Le communiqué de la réunion de Madrid entre les 18 pays qui ont ratifié le projet (plus l'Irlande et le Portugal, et avec le soutien de la Suède et du Danemark) correspond en substance à un rejet des projets français: un accord purement institutionnel est qualifié d'«insuffisant», et l'exigence est réaffirmée d'un accord qui préserve la substance et les équilibres du traité constitutionnel dans son ensemble. La Présidence allemande a pris ses distances aussi bien à l'égard de la réunion de Madrid que de son communiqué final, en soulignant que sa participation se limitait à un rôle d'observateur (l'ambassadeur allemand en Espagne). C'est compréhensible: la Présidence a pour tâche de mettre au point une feuille de route rassemblant tous les Etats membres et elle refuse d'opérer des distinctions entre les uns et les autres. Elle les écoutera tous sur le même plan. La création du groupe des Etats membres « amis du Traité constitutionnel » la gêne. Le ministre néerlandais des Affaires étrangères avait été plus tranchant, affirmant qu'une réunion comme celle de Madrid « n'apporte rien et souligne les divisions » (ce qui n'était certes pas l'intention des organisateurs)
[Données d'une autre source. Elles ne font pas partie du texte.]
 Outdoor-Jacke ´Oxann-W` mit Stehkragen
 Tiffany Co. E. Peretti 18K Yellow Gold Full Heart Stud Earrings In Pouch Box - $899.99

Une réflexion inéluctable ? La plupart des gouvernements vont vraisemblablement mettre la sourdine à leurs prises de position officielles, par égard envers la Présidence allemande. Mais la formule de Guy Verhofstadt fait quand même du chemin: sortir de la crise constitutionnelle non pas en affaiblissant le traité qui existe, mais en le renforçant. L'objectif n'est pas, à son avis, d'enlever quoi que ce soit, mais d'ajouter ce qui manque. Á qui lui demandait quoi faire si certains Etats membres refusent, M. Verhofstadt avait répondu: « avancer avec ceux qui le veulent ». Faut-il en déduire que la division de l'UE en deux parties risque de devenir inévitable, si un groupe d'Etats membres maintient l'objectif de progresser vers l'intégration, alors que d'autres s'y opposent ? Il est trop tôt pour l'affirmer, et il est normal que la plupart des responsables politiques rejettent une telle évolution. Mais j'ai constaté deux signes en ce sens: le Financial Times a publié dans son numéro de lundi une prise de position de Lord Blackwell (conseiller politique du Premier ministre britannique dans les années 1995-1997) favorable au retrait du Royaume-Uni du cadre institutionnel, juridique et politique de l'UE et à la conclusion d'un accord intergouvernemental avec elle (voir notre bulletin d'hier), et mon commentaire d'hier posait la question de savoir si le Royaume-Uni ne ferait pas mieux de sortir de la politique agricole commune (PAC) plutôt que d'en réclamer la destruction.

Deux signes mineurs, bien sûr, et une simple coïncidence. Mais ceux qui veulent rester fidèles au rêve européen seront peut-être obligés un jour de commencer à y réfléchir.